In recent years, a special focus has been placed on the functions of vitamin D, or better called hormone D -according to experts-, which go beyond its recognized bone functions. Vitamin D is a powerful hormone whose main functions are the intestinal absorption of calcium and phosphorus and bone mineralization. But, in addition, different epidemiological studies have shown an association between vitamin D deficiency and the appearance and greater severity of numerous chronic diseases such as diabetes, cardiovascular diseases, autoimmune diseases or some cancers. In psychiatry, hypovitaminosis D has been linked to depression, bipolar disorder, schizophrenia, other psychoses, and autism.
At the neurological level, the aforementioned hormone is necessary for normal brain development and has neuroprotective functions thanks to its involvement in the modulation of neurotransmitter synthesis, nerve growth factor and the reduction of oxidative stress.

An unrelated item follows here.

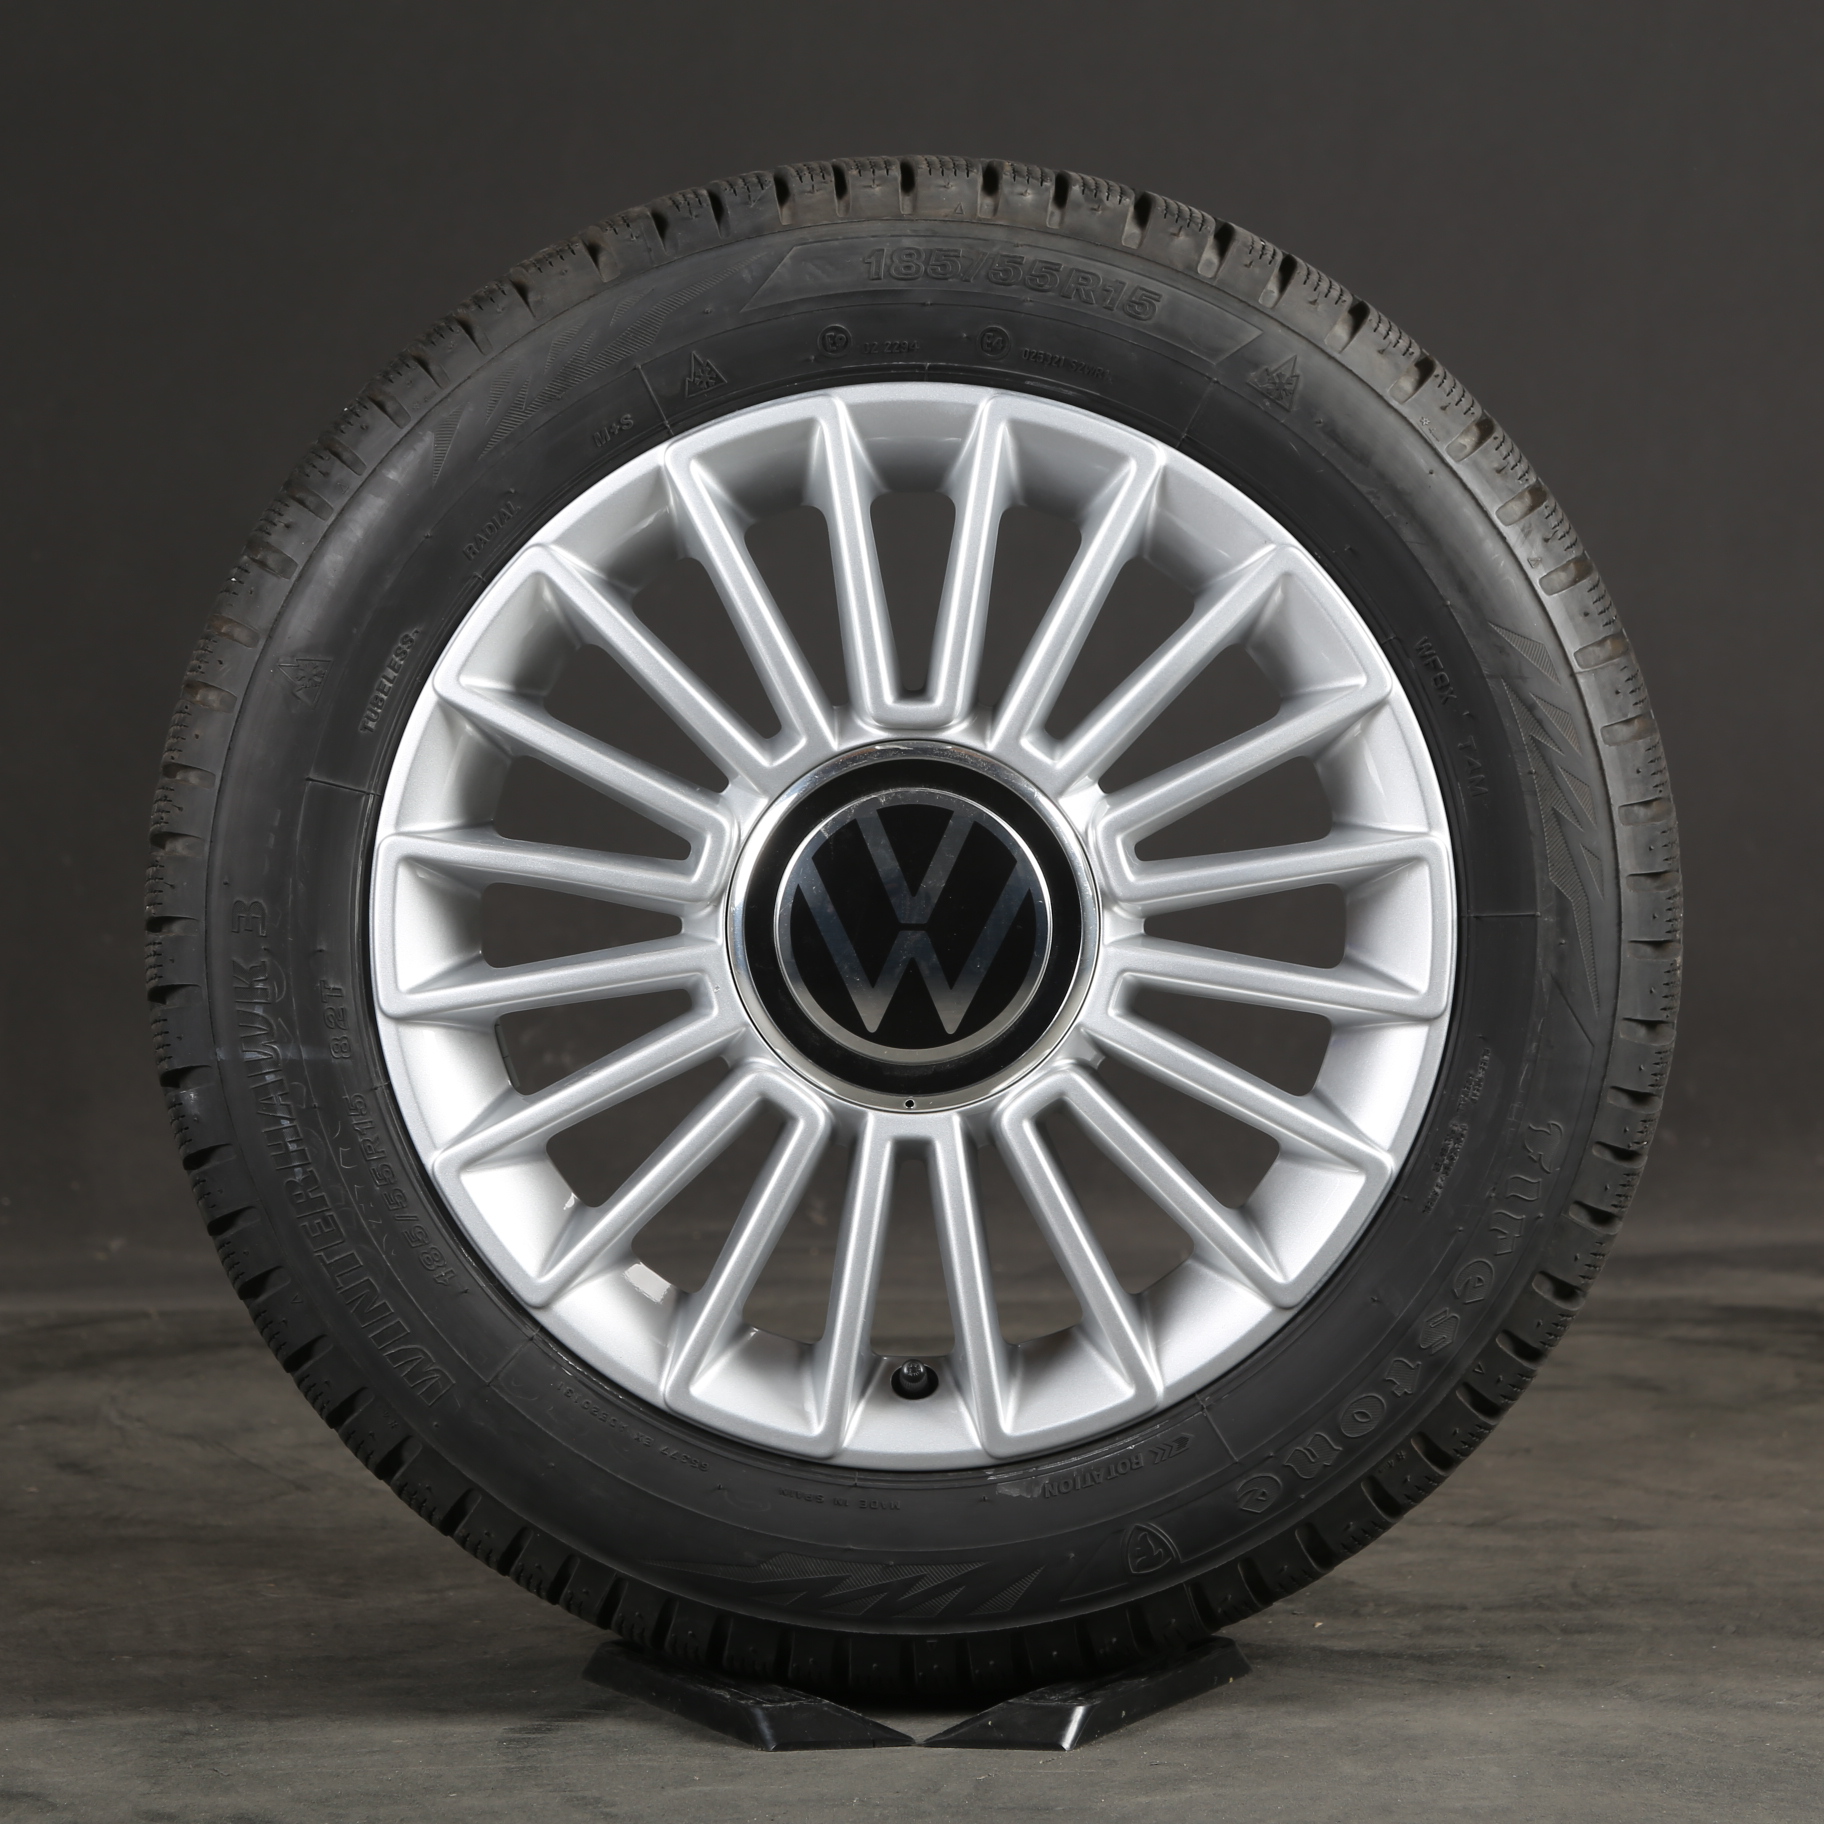 UP Design Winterreifen Spoke VW Winterräder Zoll 15

Scientific evidence suggests that there is a relationship between vitamin D deficiency and various mental illnesses. Specifically, in a recent study conducted on psychosis in the United Kingdom, only 25% of patients had levels above 20 ng/ml of 25-hydroxyvitamin D.
Similarly, there is clinical research showing the correlation between vitamin D deficiency and other psychiatric illnesses such as depression, autism, or suicide.
“Vitamin D is a vulnerability factor for psychiatric illness. People with mental illness tend to go outdoors less and have poorer nutrition, especially in acute moments of illness. Therefore, they are a population at risk of deficit, higher than the risk in the general population”, comments the Dr. Ana González-Pinto, President of the Spanish Foundation for Psychiatry and Mental Health.
Specialists highlight the importance of identifying and treating vitamin D deficiency, since it could provide important benefits for psychiatric patients and even have a positive effect on the course of the psychiatric illness itself.
“Given the high prevalence of vitamin D deficiency in mental illnesses and its relationship with the appearance of different comorbidities, greater awareness among professionals in the field of psychiatry would be desirable. And, to deal with the problem, the levels of 25-hydroxyvitamin-D should be determined in psychiatric patients and supplementation in cases where it is necessary, “says the specialist.
Experts stress that mental illnesses are complex and require multiple approaches, and vitamin D may be a factor in a subgroup of patients. There are different options for the treatment of vitamin D deficiency. One of them, calcifediol, has a number of advantages over another therapeutic option, cholecalciferol, as it is more powerful, faster, does not require hepatic hydroxylation, and is better absorbed. Therefore, calcifediol raises serum levels of 25-hydroxyvitamin-D3 to a greater extent and more rapidly than cholecalciferol.